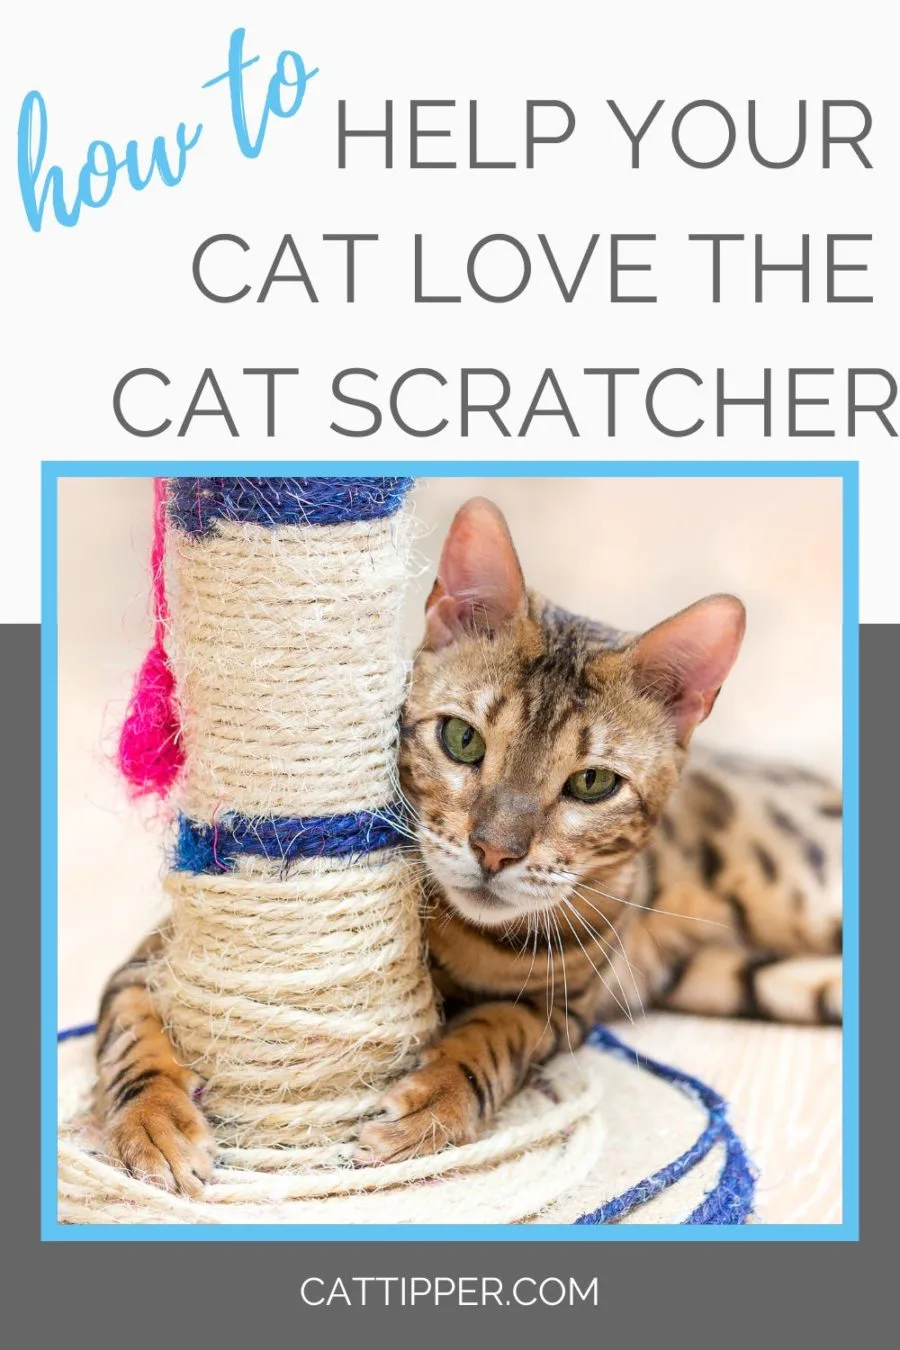 how to help your cat love the cat scratcher!
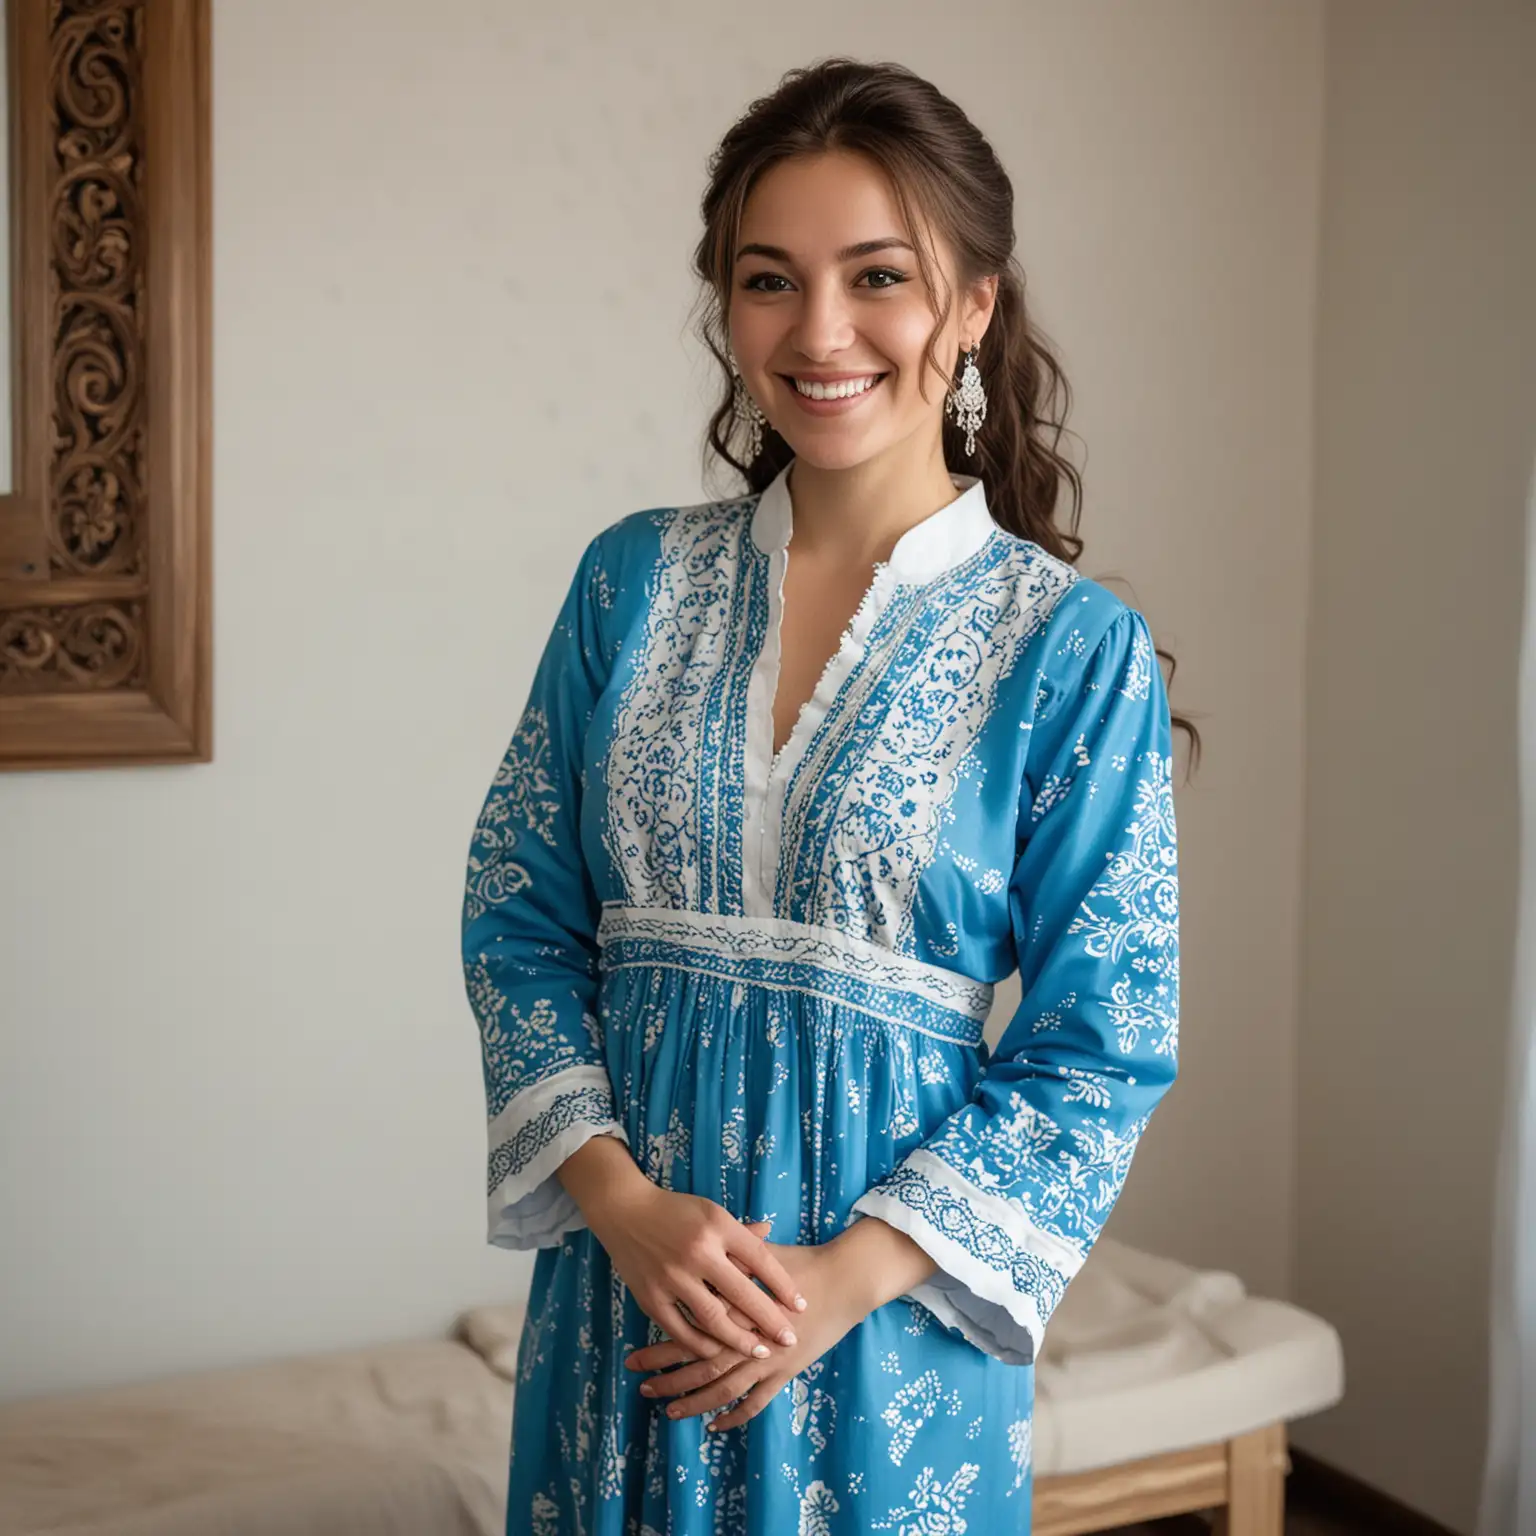 A young Italian american woman in a blue and white traditional kazakh woman's dress and smiling at a spa. She is pregnant.
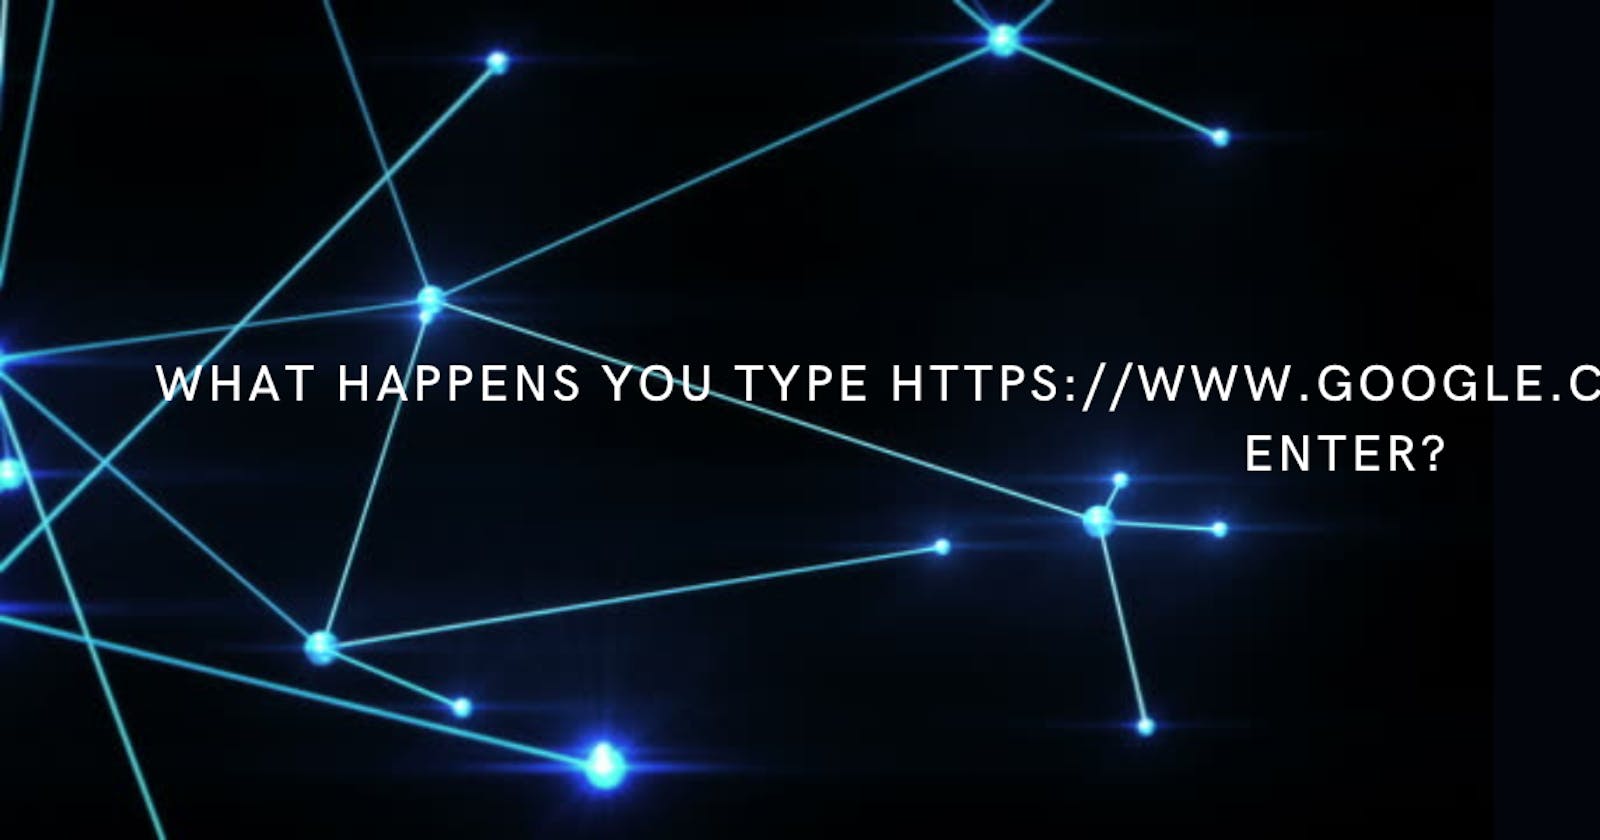 What happens you type https://www.google.com in your browser and press Enter?

EXERCISE INSTRUCTIONS:
The line containing "A young Italian" marks the start: set down exactly that line and every line after it through the last line of the data, without any pictures.

TASK ANSWER:
 A young Italian american woman in a blue and white traditional kazakh woman's dress and smiling at a spa. She is pregnant.
 What happens you type https://www.google.com in your browser and press Enter?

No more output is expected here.